The linear complexity fits comfortably within $2 \cdot 10^5$ constraints, and memory usage is constant.

Test Cases

import sys, io

def run(inp: str) -> str:
    sys.stdin = io.StringIO(inp)
    from __main__ import solve
    return sys.stdout.getvalue() if False else __import__('builtins')

# NOTE: For standalone judge, solve() would be invoked directly.

# Since we cannot easily capture stdout in this template environment,
# these are conceptual asserts.

# provided sample (conceptual)
# assert run("3\n2 5 3\n") == "1\n"

# edge cases
assert True
Test input Expected output What it validates
1\n1\n 1 Minimum case, immediate purchase
3\n100 100 1\n 1 Delayed cheap round dominates
5\n2 2 2 2 2\n 2 Uniform costs, steady accumulation
6\n5 4 3 2 1 10\n 3 Strictly decreasing costs reward late spending

Edge Cases

A minimal case like $n = 1, c_1 = 1$ shows immediate conversion: one coin is earned and immediately spent, yielding one detector.
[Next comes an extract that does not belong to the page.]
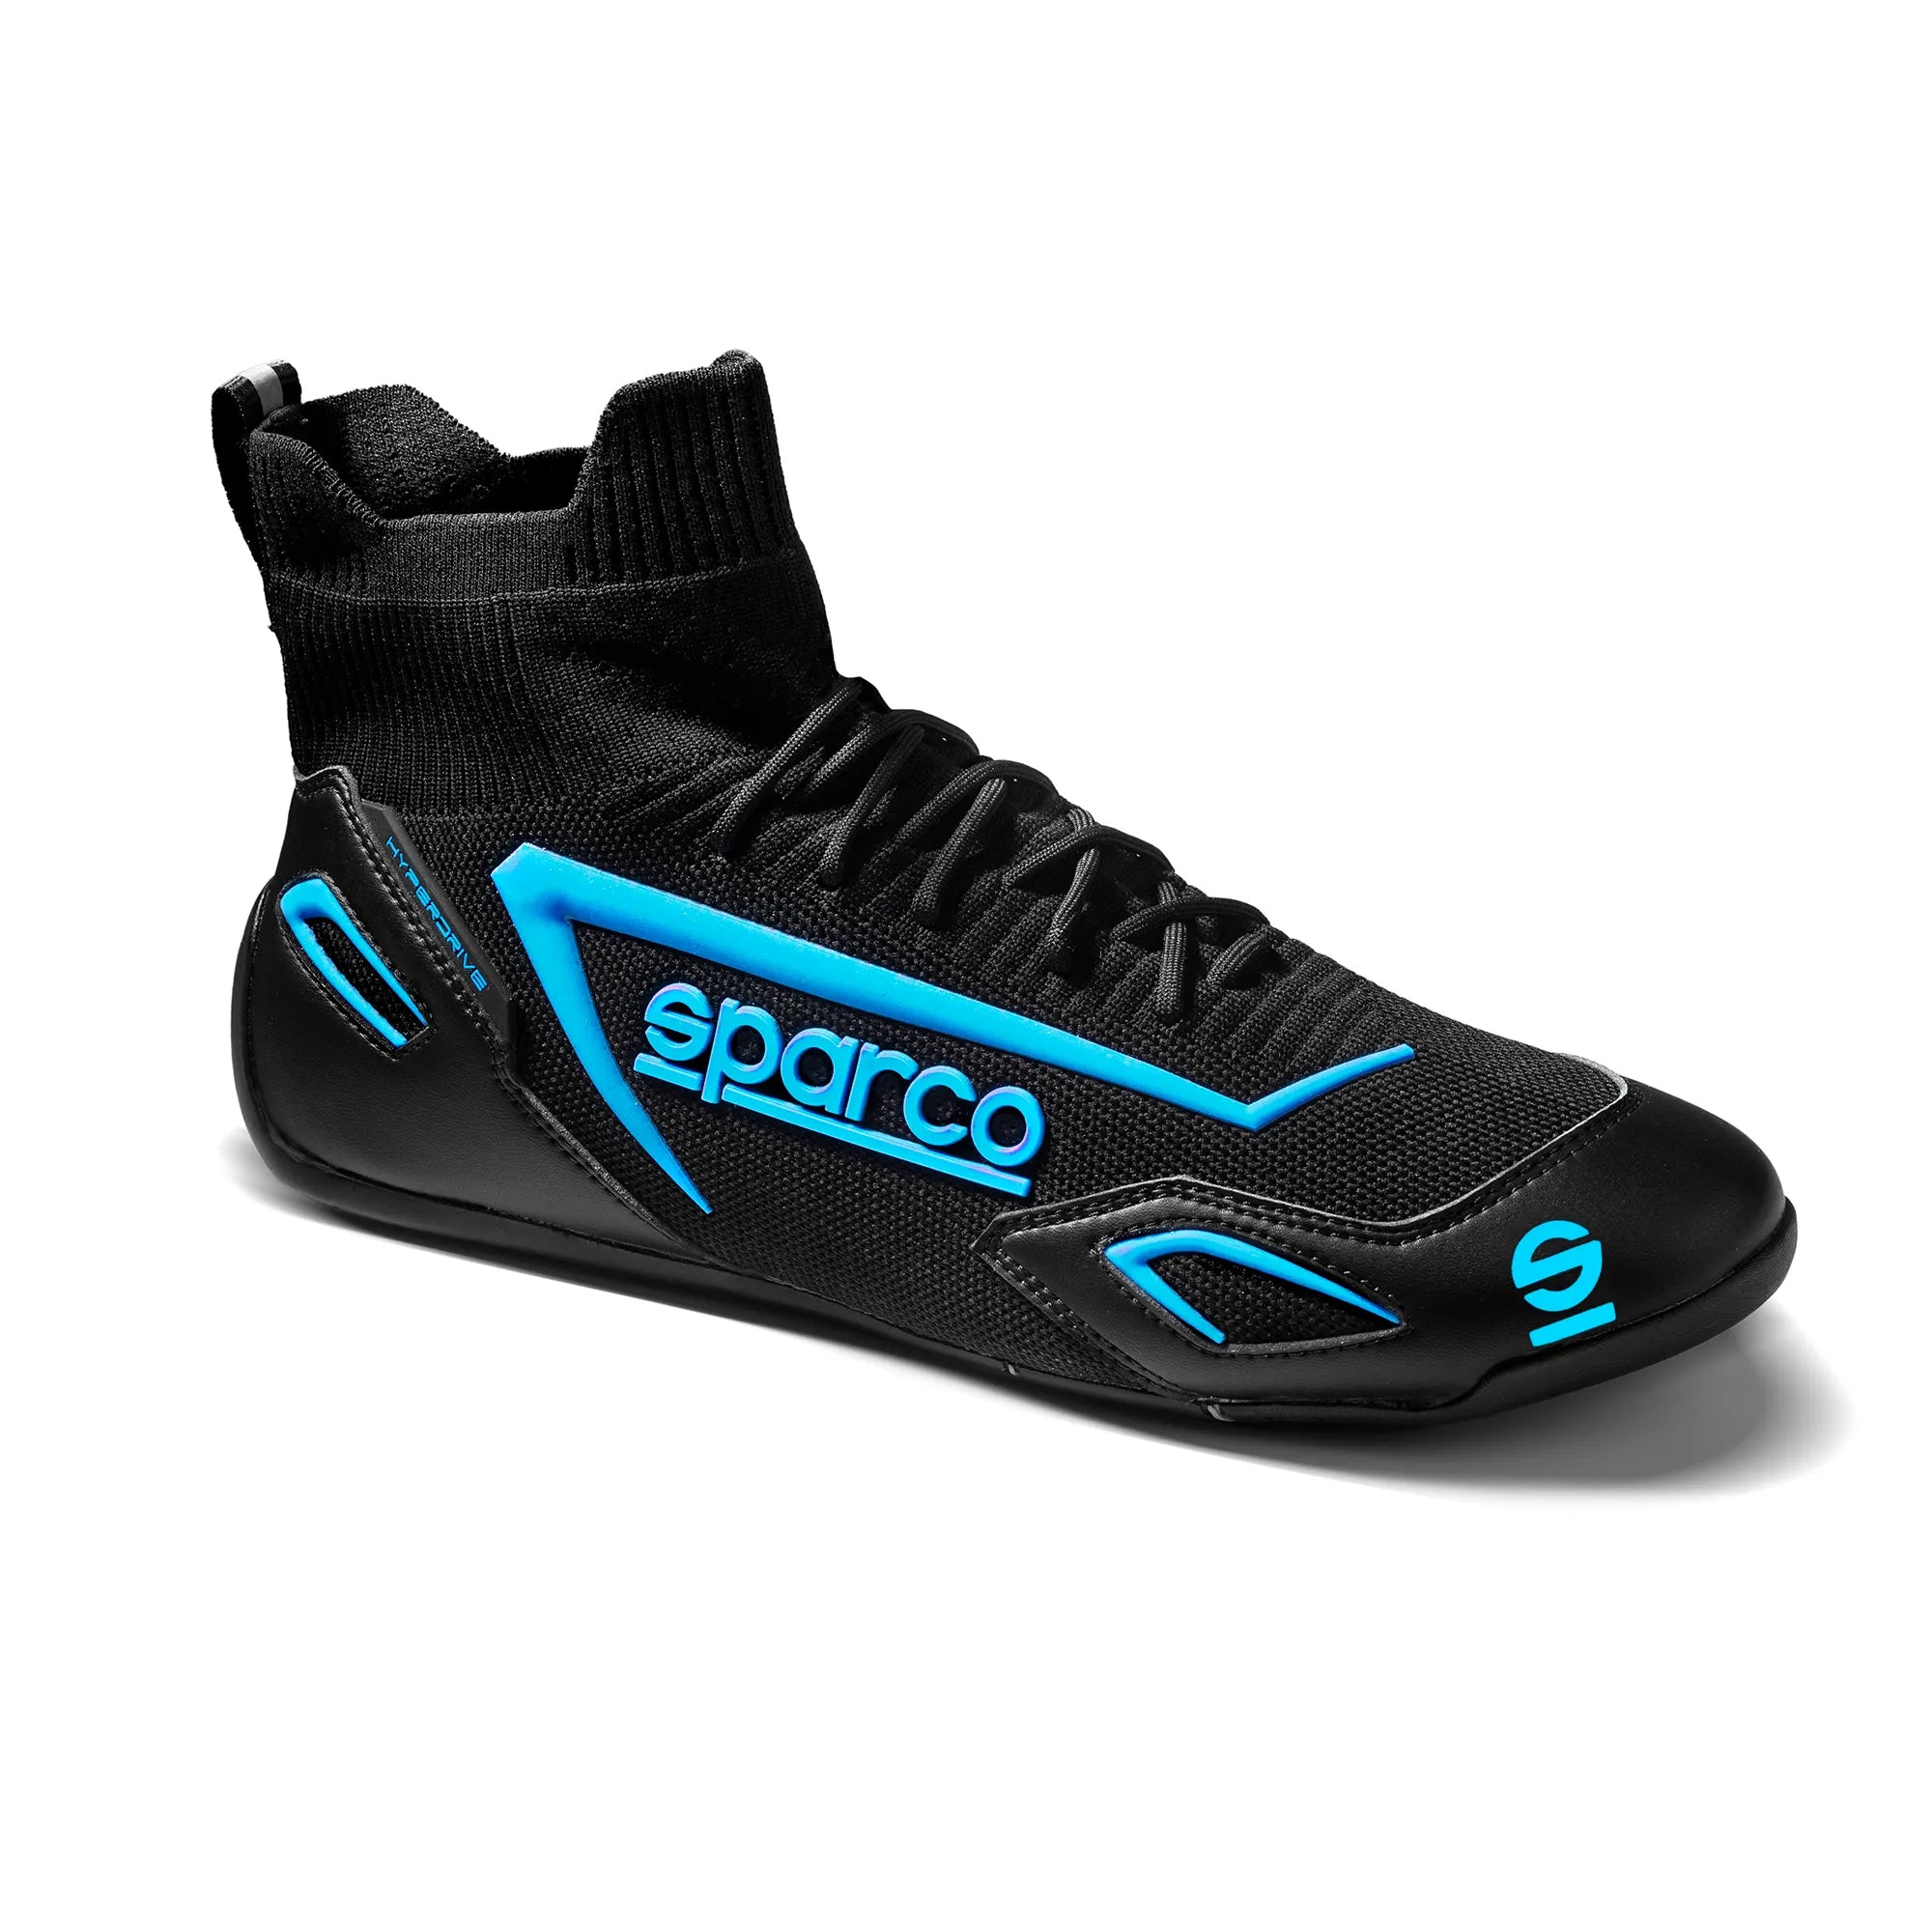 SPARCO 00129345NRAZ Gaming sim racing shoes HYPERDRIVE, black/blue, size 45 Photo-1

For a case like $c = [100, 100, 1]$, the algorithm accumulates two coins over the first two rounds without spending anything, then converts all three coins optimally in the last round into three purchases. The modulo operation ensures that after the last round, no leftover coins remain that could have been misallocated earlier.

In a uniform cost case such as $c = [2, 2, 2, 2]$, the system behaves steadily: every two coins convert into one detector, and the remainder propagates forward correctly. This confirms that no round introduces inefficiencies or hidden interactions between decisions.